Sometimes, problems related to high-dimensional data are considered large data problems, too. Unfortunately, solving these problems often requires a background and mathematics beyond the scope of this book, and we will not be discussing high-dimensional statistics. This chapter is more about optimizing the R code to squeeze higher performance out of it so that calculations and analyses with large datasets become computationally tractable.

So, perhaps this chapter should more aptly be named High Performance R. Unfortunately, this title is more ostentatious, and wouldn't fit the naming pattern established by the previous chapter.

Each of the top-level sections in this chapter will discuss a specific technique for writing higher performing R code.

Wait to optimize

Prominent computer scientist and mathematician Donald Knuth famously stated:

Premature optimization is the root of all evil.

I, personally, hold that money is the root of all evil, but premature optimization is definitely up there!

Why is premature optimization so evil? Well, there are a few reasons. First, programmers can sometimes be pretty bad at identifying what the bottleneck of a program—the routine(s) that have the slowest throughput—is and optimize the wrong parts of a program. Identification of bottlenecks can most accurately be performed by profiling your code after it's been completed in an un-optimized form.

Secondly, clever tricks and shortcuts for speeding up code often introduce subtle bugs and unexpected behavior. Now, the speedup of the code—if there is any!—must be taken in context with the time it took to complete the bug-finding-and-fixing expedition; occasionally, a net negative amount of time has been saved when all is said and done.

Lastly, since premature optimization literally necessitates writing your code in a way that is different than you normally would, it can have deleterious effects on the readability of the code and your ability to understand it when we look back on it after some period of time. According to Structure and Interpretation of Computer Programs, one of the most famous textbooks in computer science, Programs must be written for people to read, and only incidentally for machines to execute.
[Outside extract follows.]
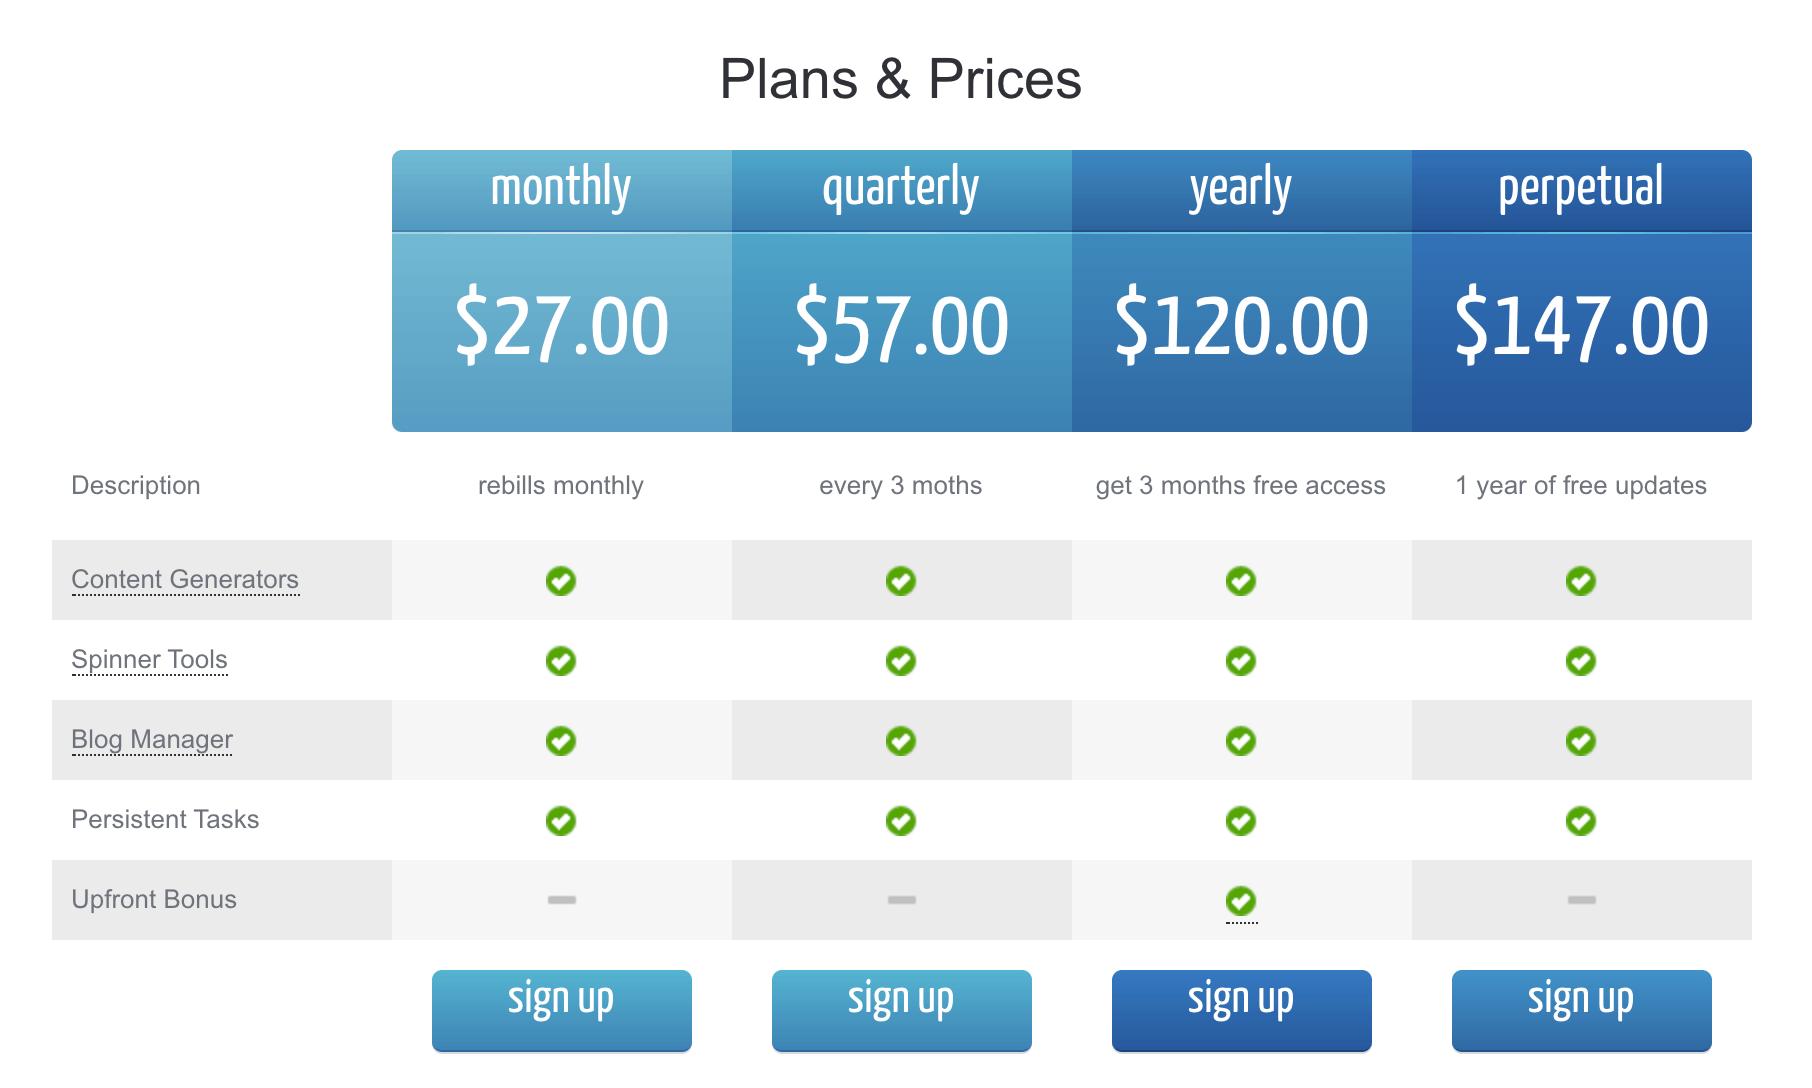 seo-content-machine-price-plans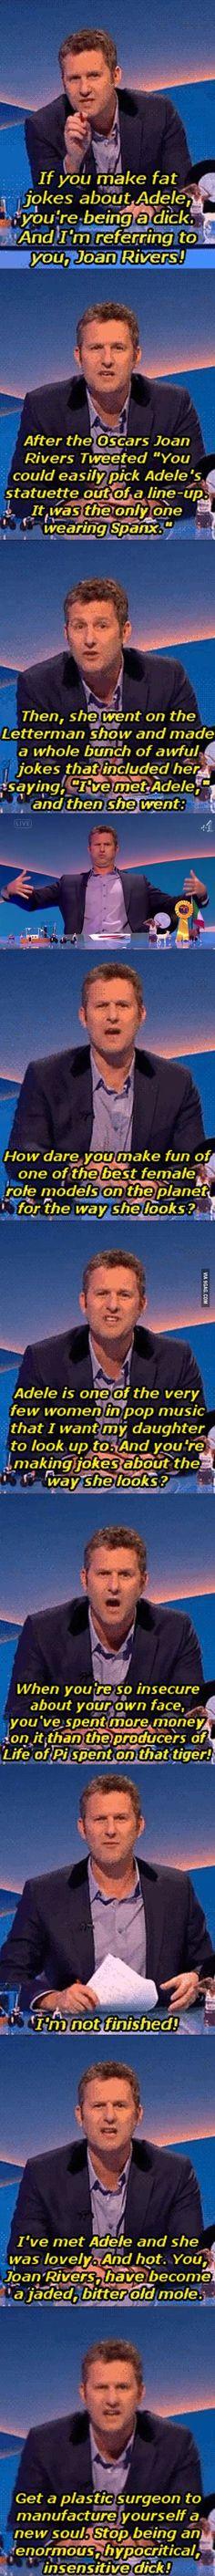 This man deserves an award!

This reflects the fact that the bulk of the time updating or expanding code that is already written is spent on a human having to read and understand the code—not the time it takes for the computer to execute it. When you prematurely optimize, you may be causing a huge reduction in readability in exchange for a marginal gain in execution time.

In summary, you should probably wait to optimize your code until you are done, and the performance is demonstrably inadequate.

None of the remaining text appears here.